When you put together a benchmarking program for your organization, planning carefully for internal validity is essential. You have to document very carefully your study conditions (task wording, study protocol, whether think-aloud was used, and so on) so that they could be replicated in further studies that you will run in order to determine design improvements over time. Otherwise, a difference between a current version of a system and a prior installment may simply be due to study setup rather than to usability improvements.
- Recruit participants who are representative of your target audience- 在人口统计数据和用户目标方面。
一般来说，研究人员创造了非常小心screenersthat match the exact demographics of their population, yet that may not be enough to ensure external validity. It could be that your participants are in the right demographics but have very different goals than your users (or they’re simply not motivated enough). Always strive to find participants who are likely to have the same goals as your users.
- Replicate, to the best of your abilities, the natural situationin which participants will use the UI that they test.
Are your participants supposed to use your car-repair mobile application in their garage? Then don’t have them test it in a conference room. The environment — light, dirty hands, place where the phone is positioned, time available, tools available — are all likely to play a role in how usable this app is.
Is External Validity Always Possible?
In some sense, any study will lack external validity — we rarely use interfaces with a stranger watching over our shoulder, sitting at a desk or in a lab. (To some extent, one could even argue that some远程研究are more externally valid than in-person ones because at least the participants may be in their natural environments.) We also know that participants tend to behave slightly differently — more compliant and more persistent — in a usability-testing situation than by themselves.
Also, sometimes, it may be too cost-prohibitive to test a design in the natural environment. For example, we are great advocates of纸质原型设计, but these types of tests will always lack external validity. So, what should we do?
Another common situation that lacks external validity ismobile testing— most participants will not use mobile designs uninterrupted, sitting at a desk, and connected to wifi. It can, however, be acceptable to test in that setup to identify those issues that will be encountered even in the best-case scenario of a great connection and no interruptions. Those are likely the first issues many mobile sites will need to address — if the site has problems even under ideal conditions, then the design needs to be fixed. Once you’ve ironed out those issues, you still will need to retest under more realistic conditions.
Similarly, some quantitative-study professionals recommend to include only expert participants in certain quantitative studies in order to reduce variability (lack of variability translates into a lower margin of error for the study results and may allow the researchers to reduce the number of participants). The expert users will give you a best-case scenario and you should be fine as long as you don’t assume that the results will generalize to all your users.

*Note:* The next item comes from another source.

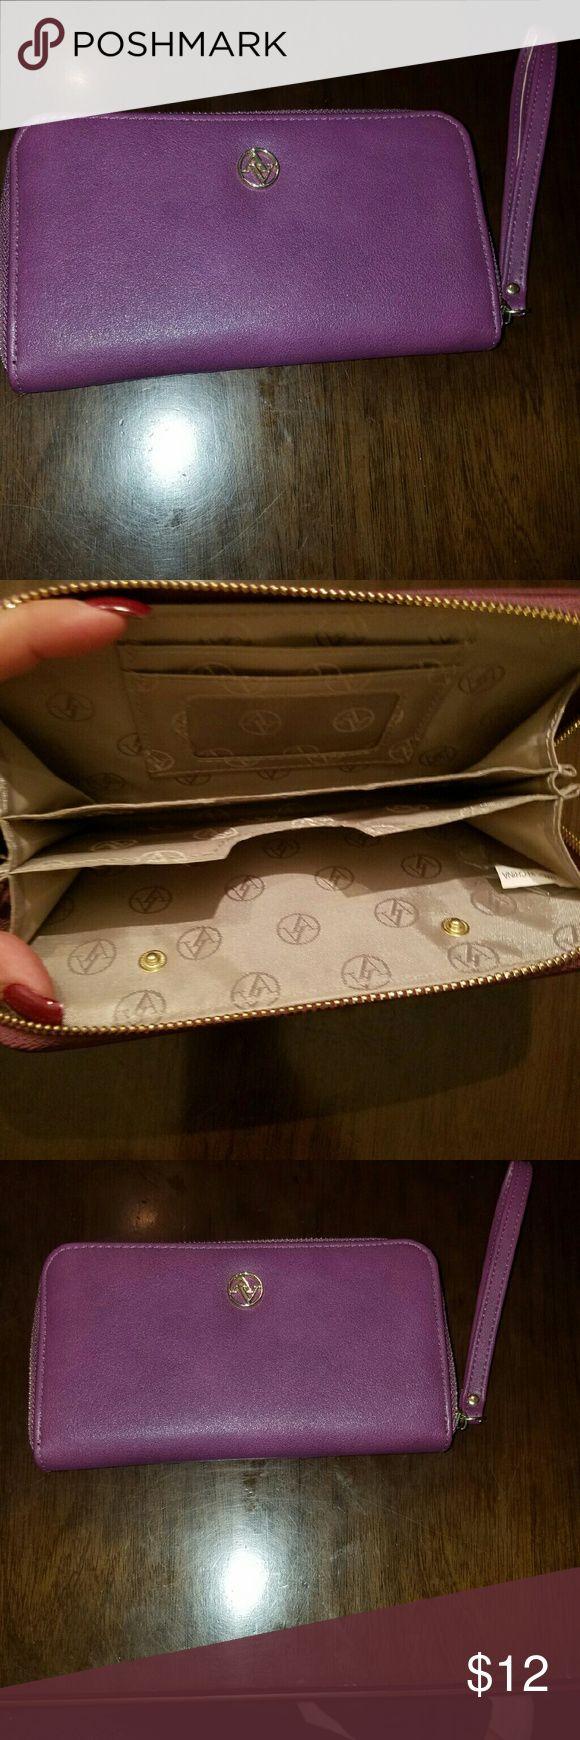 Adrienne Vittadini Wallet Purple wallet in great condition. Adrienne Vittadini Accessories

In general, if you find yourself forced to sacrifice some external validity, it’s crucial that you always interpret your findings in context and realize that they may not stand true if the study were to be replicated in realistic conditions.

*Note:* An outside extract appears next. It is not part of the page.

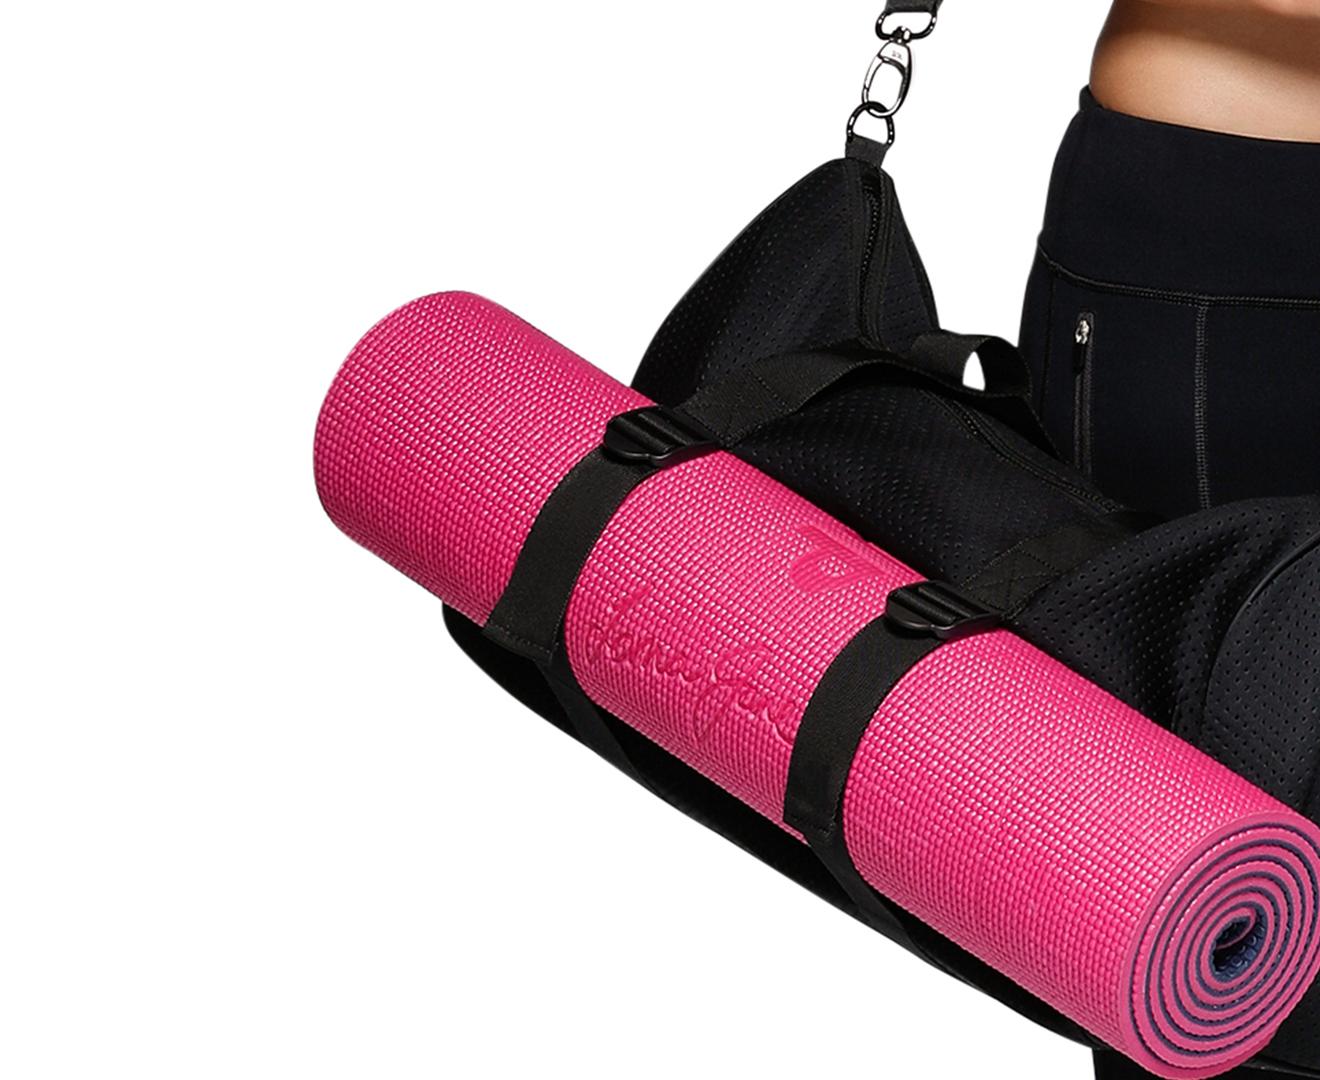 Lorna Jane Multi Purpose Gym Bag Black Great Daily

Poorly planned research will translate in results that are invalid. You may have potentially wasted time and money on running a study which doesn’t tell you anything about your product or your audience. Pay attention to your study’s internal and external validity — strive to recruit participants that are representative of your target audience and make sure that the study setup replicates how your users will use the system in real life and that it does not encourage any one behavior or response.